Performance Tuningmedium

VACUUM & Autovacuum

VACUUM reclaims storage occupied by dead tuples left by MVCC (after UPDATE and DELETE). VACUUM FULL rewrites the entire table (compacts it, but requires an exclusive lock). Autovacuum runs VACUUM automatically based on configurable thresholds.

Memory anchor

VACUUM is a street sweeper for dead data — it clears debris (dead tuples) from the road (table pages) so future traffic (queries) moves faster. Autovacuum is a scheduled street-cleaning service. XID wraparound is what happens if the street is never cleaned — the city floods.

Expected depth

VACUUM marks dead tuple space as reusable (doesn't return it to OS). VACUUM FULL compacts the table and returns space to OS, but blocks all access. ANALYZE updates the table statistics used by the query planner — outdated statistics cause bad plans. VACUUM ANALYZE does both. Autovacuum triggers when dead tuples exceed: autovacuum_vacuum_threshold (default 50) + autovacuum_vacuum_scale_factor (default 0.2 = 20% of rows) dead tuples.
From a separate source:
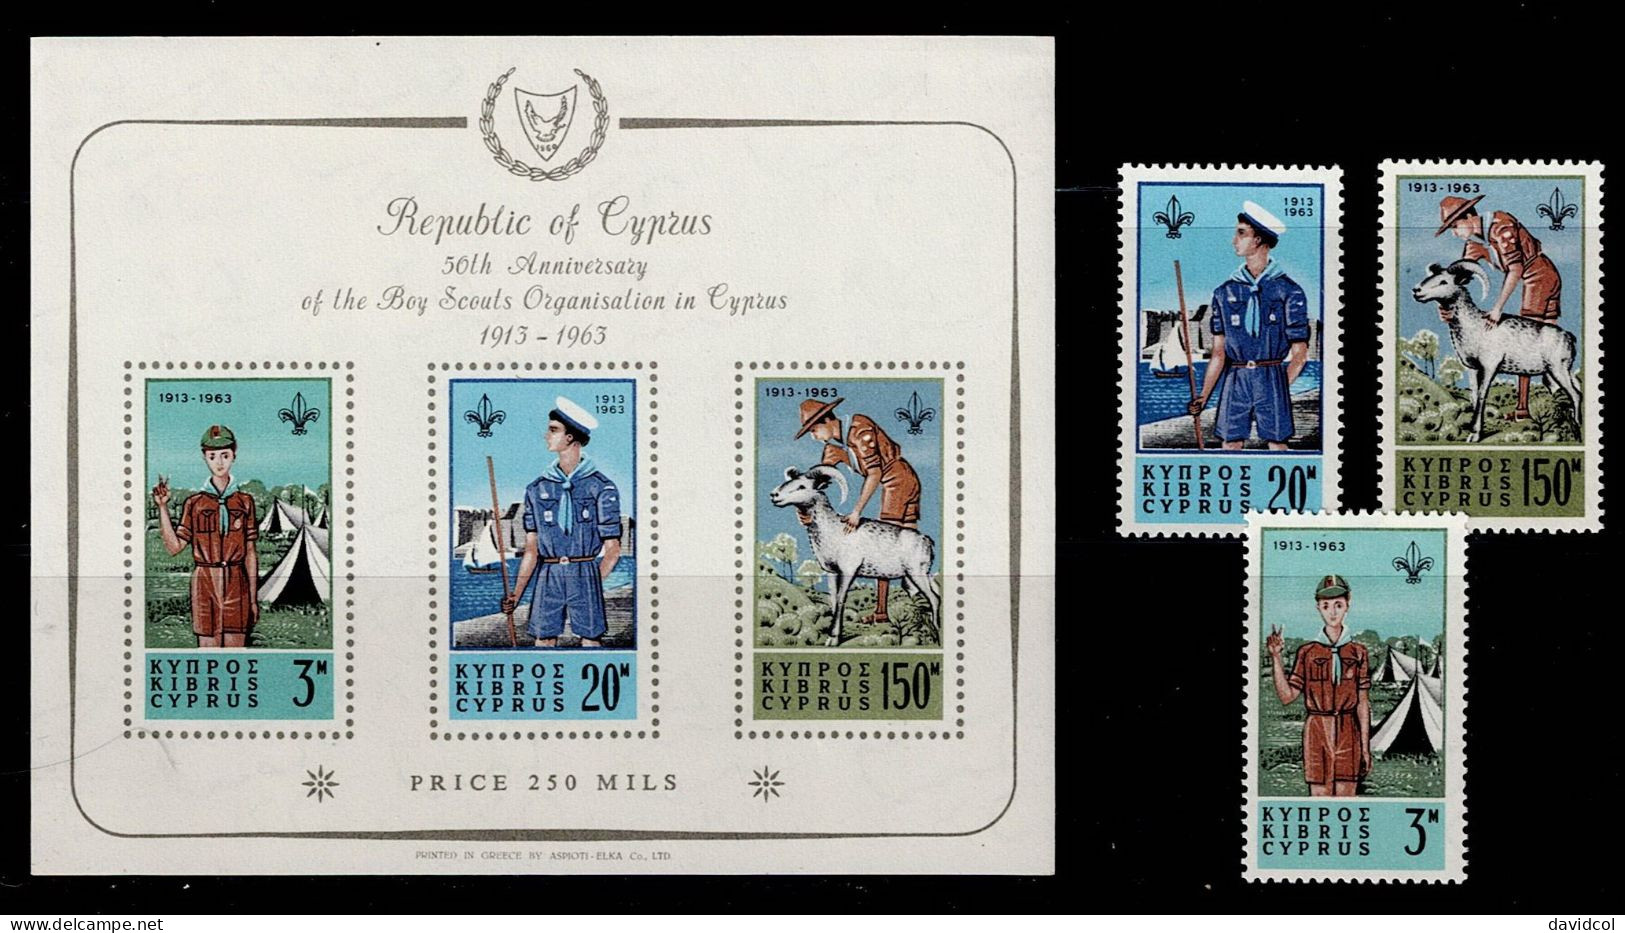 CHP-02- CYPRUS - 1963 - MNH -SCOUTS- 50TH ANNIVERSARY BOY SCOUTS OF CYPRUS - Unused Stamps

For high-churn tables, lower scale_factor to trigger more frequent vacuuming.

Deep — senior internals

The two critical functions of VACUUM: (1) Reclaim dead tuple space to prevent table bloat. (2) Advance the oldest transaction horizon to prevent XID wraparound. pg_stat_user_tables tracks n_live_tup, n_dead_tup, last_autovacuum, last_analyze — monitor these to ensure autovacuum keeps up. Autovacuum can be overwhelmed by very high write rates — increase autovacuum_max_workers and autovacuum_vacuum_cost_delay. Bloat estimation: use the pgstattuple extension or community queries on pg_class. pg_repack rebuilds bloated tables online (no full lock, unlike CLUSTER or VACUUM FULL).

🎤Interview-ready answer

Autovacuum is critical for PostgreSQL health — it prevents table bloat and XID wraparound. I tune autovacuum_vacuum_scale_factor lower (0.01–0.05) for large, high-churn tables so it runs more frequently before bloat accumulates. I monitor pg_stat_user_tables for n_dead_tup and last_autovacuum. If a table is already badly bloated, I use pg_repack for online repack without service disruption.

Common trap

Disabling autovacuum to improve write performance. This is catastrophically wrong — dead tuples accumulate, queries slow, and eventually XID wraparound causes total data loss. Tune autovacuum instead of disabling it.